От этой мысли тошнотворный комок подкатил к моему горлу.
– А другие дети? – спросил Никита. – Значит ли это, что они тоже в опасности?
В комнате повисло тягостное молчание.
– Подождите, – проговорила Ивонна, – вы предполагаете, что похищения именно этих детей были не случайными?
– Я думал, что мы все это уже и так понимаем, – пожал плечами глава ОМР. – Ведь у нас всего двенадцать подобных случаев, когда детей все же возвратили.
– Это из тех, что известны! – парировал Никита.
– Да, но это само по себе отличает их от всех остальных преступлений, когда дети пропадали, как говорится, «с концами». Решетиловы переехали, и все же это не спасло их от преследования и, возможно, повторной попытки похищения. Это заставляет вернуться к началу и вновь спросить себя, что же общего у всех этих детей?
– Ну, давайте посмотрим? – предложил Павел, тяжело поднимаясь со своего стула и подходя к белой пластиковой доске. Несколькими привычными движениями он маркером нанес на нее имена всех пострадавших, включая Лавровских. Он быстренько пририсовал стрелочки от родителей к детям. Таким образом, на доске появилось два круга – большой, а в нем еще один, поменьше.

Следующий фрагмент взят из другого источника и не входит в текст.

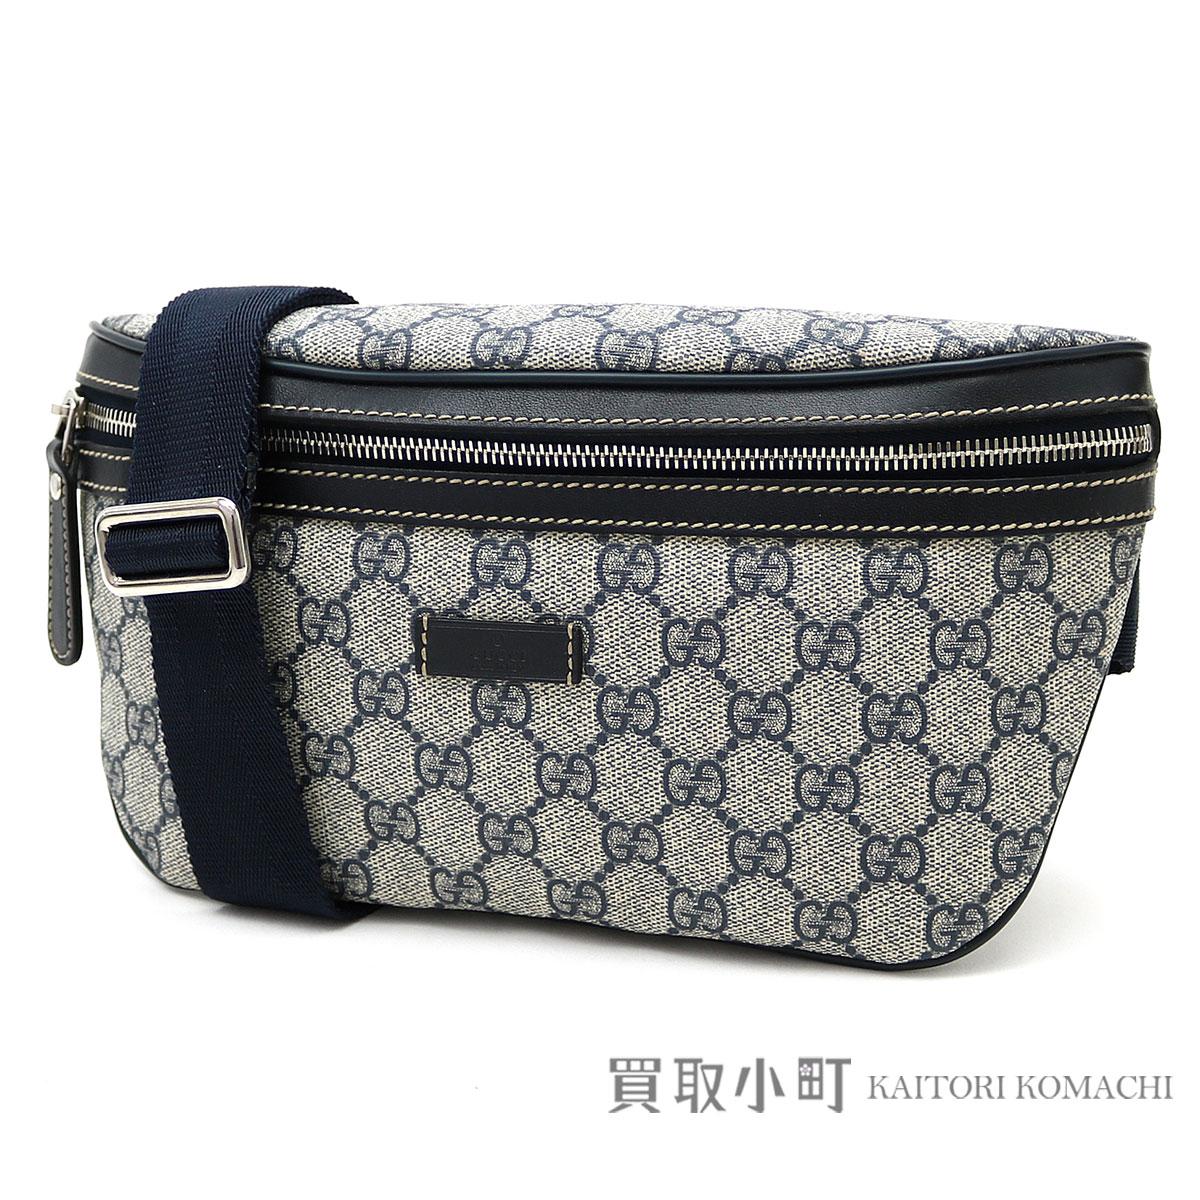 Take Gucci GG スプリームキャンバスベルトバッグネイビーブルーヒップバッグ slant  bum-bag crossbody bag  shoulder bag GG +233 925e2a16b5b47

– Что вы видите? – спросил Павел, отступая и озадаченно глядя на дело рук своих.
– По-моему, то же, что и раньше! – секунд через десять ответил Никита.
– Давайте от обратного, – предложил Лицкявичус. – В чем разница?
– Ну, некоторые родители до сих пор живут вместе, а другие развелись, – неуверенно пробормотала я.
– Отлично, Паша – отрази! – скомандовал глава ОМР, и Кобзев, заглядывая в свои записи, отметил тех, кто в разводе. Их оказалось три пары. – Что еще?
– Может, номера поликлиник? – предложила Ивонна. – Некоторые из детей проходили плановое обследование.
– Карпухин проверил это, – ответил Лицкявичус. – Только две семьи живут в одном районе и, соответственно, приписаны к одной и той же поликлинике. Тем не менее рисуй, Паша!
– И фамилии врачей! – выкрикнул Никита.
После того, как Кобзев записал их, мы уставились на доску в полном расстройстве: даже у тех двух детей, что ходили в одну и ту же районную поликлинику, терапевты были разные!
– Места жительств разные... – пробормотал Кобзев, внимательно разглядывая написанное. – Поликлиники тоже. Надо бы еще проверить школьные и детсадовские медкабинеты – там, где они есть: у тамошних врачей есть карточки на детей. Хотя, полагаю, это вряд ли приведет к чему бы то ни было!